Now comes the tricky part. To do image completion, we need to propagate some kind of signal to the leafs that we occlude. Probabilistically, we exclude the variables corresponding to the occluded pixels from the evidence $\mathbf E$.

In the seminal work by [Poon and Domingos (2011)](https://arxiv.org/abs/1202.3732), in which Sum-Product Networks were proposed as a new type of deep probabilistic models, the image completion was accomplished by backpropagating the **gradients** and using the these to obtain the 'posterior marginal' of the missing variables.

The paper itself, however, does not mention this explicitly. Only after we inspect the code from the paper that comes with it we find:
```java
// compute marginal by differentiation; see Darwiche-03 for details 
public void cmpMAPBottomHalfMarginal(Instance inst) {
  setInputOccludeBottomHalf(inst);
  eval();		
  cmpDerivative();
      
  for (int i=0; i<Parameter.inputDim1_/2; i++) {
    for (int j=0; j<Parameter.inputDim2_; j++) 
      MyMPI.buf_int_[MyMPI.buf_idx_++]=Utils.getIntVal(inst, inst.vals_[i][j]);
  }
  for (int i=Parameter.inputDim1_/2; i<Parameter.inputDim1_; i++) {
    for (int j=0; j<Parameter.inputDim2_; j++) {
      int ri=Region.getRegionId(i, i+1, j, j+1);
      Region r=Region.getRegion(ri);
      double p=cmpMarginal(r);
      MyMPI.buf_int_[MyMPI.buf_idx_++]=Utils.getIntVal(inst,p);//(int)(p*255);
    }
  }
}
```
Note the commpent on top! [The paper by Darwiche (2003)](http://reasoning.cs.ucla.edu/fetch.php?id=22&type=pdf) indeed mentions a way of determining the _posterior marginal_ of any variable when the network computes a _network polynomial_. SPNs happen to compute a network polynomial, so we can indeed use gradients to compute posterior marginals!

From the paper, we have:

_For every variable $X$ and evidence $\mathbf e \notin \mathbf E$_:
$$
P(x_i \mid \mathbf e) = \frac{1}{\text{Root}(\mathbf e)} \frac{\partial \text{Root}}{\partial \text{Leaf}_{x_i}}(\mathbf e)
$$

Note that in the last equation we are using lower case variable with an index: $x_i$. The index corresponds to the _component_ on top of the variable. In other words, $P(x_i \mid \mathbf e)$ is the posterior marginal of the $i$-th component attached to variable $X$. The variable $X$ is excluded from the evidence $\mathbf E$. Lower case $\mathbf e$ is the actual assignment of pixel values in the part of the image that is _included_ (not occluded).

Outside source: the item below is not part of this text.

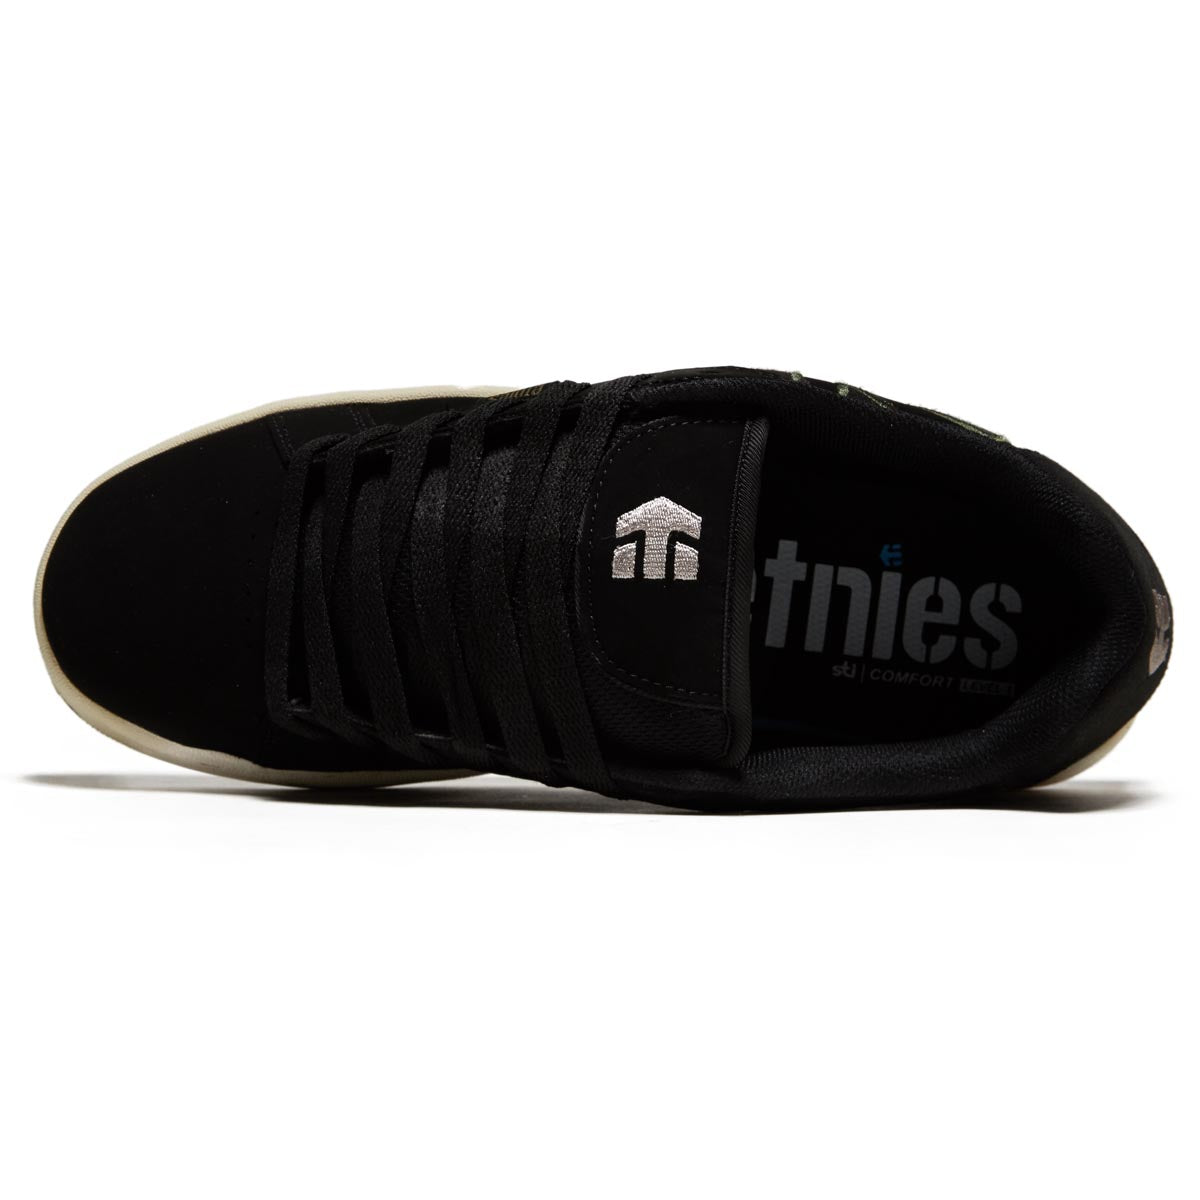 Etnies Fader Shoes - Black/Green image 3

Note that $P(x_i \mid \mathbf e)$ is **not** the output probability of the leaf. Rather, it is the probability that the pixel value at $X$ was _generated_ by the component at $x_i$.

In the code by Poon and Domingos we mentioned earlier, the posterior marginals are used as follows:
$$
\text{InferredPixelValue} = \sum_i \mu_i P(x_i \mid \mathbf e)
$$
Where $\mu_i$ is the mean of the $i$-th Gaussian component.

So how would this work for the SPN we have now? The layer implementations in LibSPN Keras are propagating log probabilities. So at the root of the network we'll find $\log(\text{Root}(\mathbf e))$ instead of just $\text{Root}(\mathbf e)$. Simply wrapping the value with $\exp(\cdot)$ results in numerical difficulties, so that's a dead end. 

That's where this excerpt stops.